Market Impact of Hurricane Helene
At the end of the
third quarter, Hurricane Helene made landfall. Despite the initial
halt in shopping Florida (-17%)
and Georgia (-16%) experienced,
they bounced back more quickly than the Carolinas. North and
South Carolina initially saw
smaller shopping losses as a result of the storm, but while
diminished, the effects continued to linger through the end of the
quarter.
Key Observations
"Throughout Q3, the momentum in
policy shopping and new policy volumes reached unprecedented levels
as U.S. insurers worked to balance profitability with market
demands," said Jeff Batiste, senior
vice president and general manager, U.S. auto insurance, LexisNexis
Risk Solutions. "With strategic reactivation of marketing programs,
U.S. insurers enticed motivated consumers, eager to offset the
market's rising auto and home policy costs.
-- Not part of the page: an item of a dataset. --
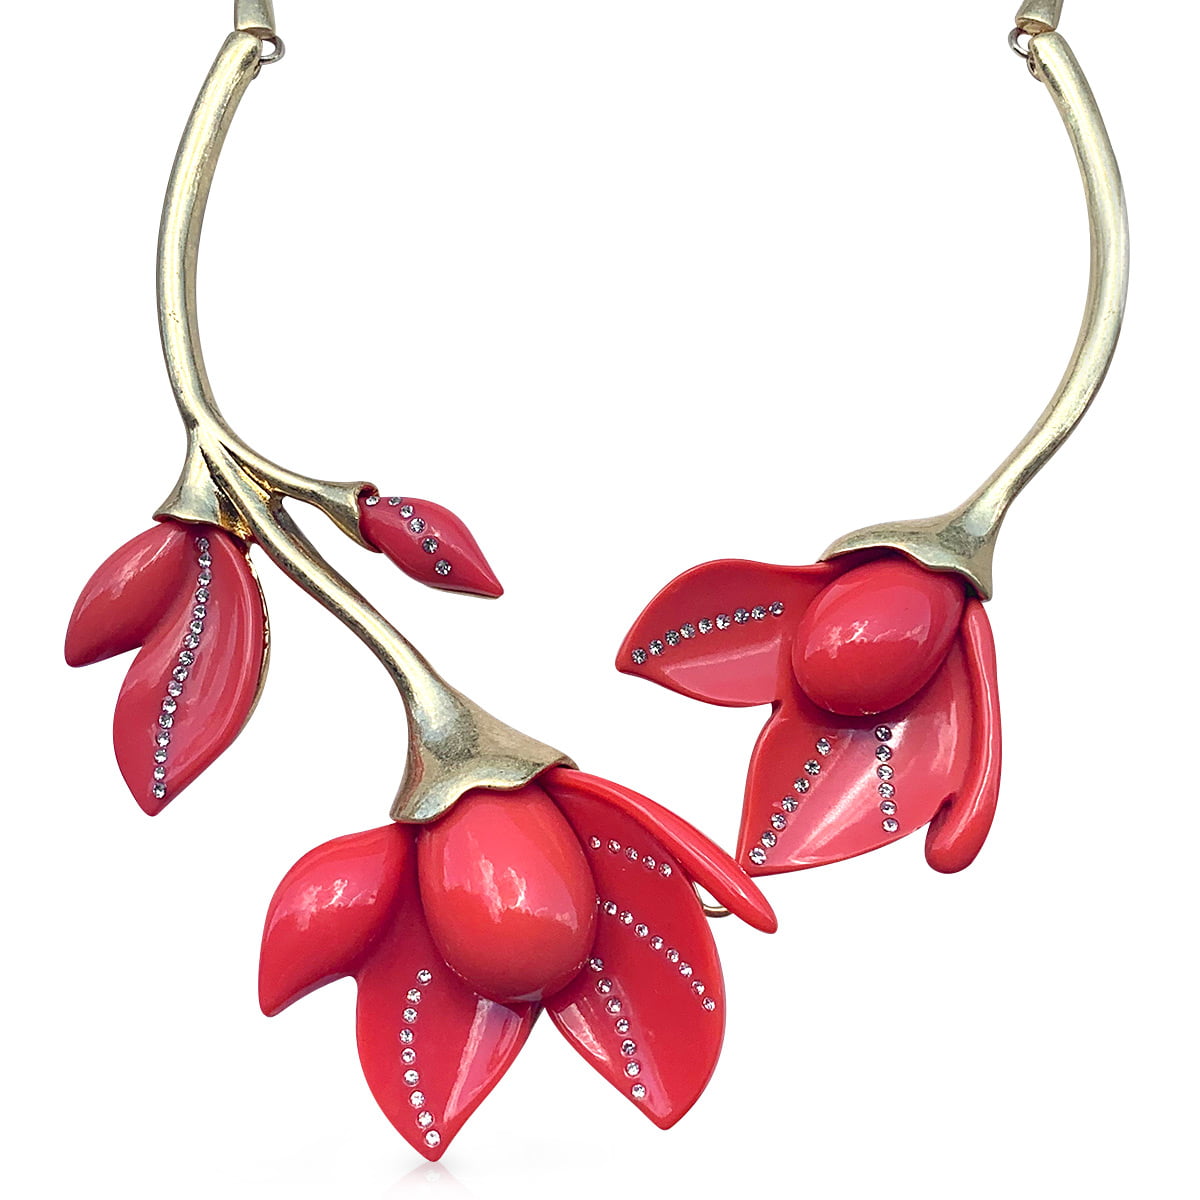 Pink coral necklace by Oscar de la Renta

Resulting record
activity levels, coupled with the effects of increased rates, may
see the industry officially turning the page on its less profitable
chapter and opening its doors for growth."
A Look Ahead
"Looking at trends, typically, soft
markets spur aggressive marketing and targeted U.S. rate
adjustments to enhance segmentation," said Chris Rice, vice president, strategic business
intelligence, LexisNexis Risk Solutions. "Following an especially
challenging four years, U.S. insurers must closely monitor industry
trends, including stabilizing claim severities, increased frequency
of weather-related events, rate adjustments and whether the recent
shopping by long-tenured customers has motivated these consumers to
entertain future shopping events."
Download the latest U.S. Insurance Demand Meter.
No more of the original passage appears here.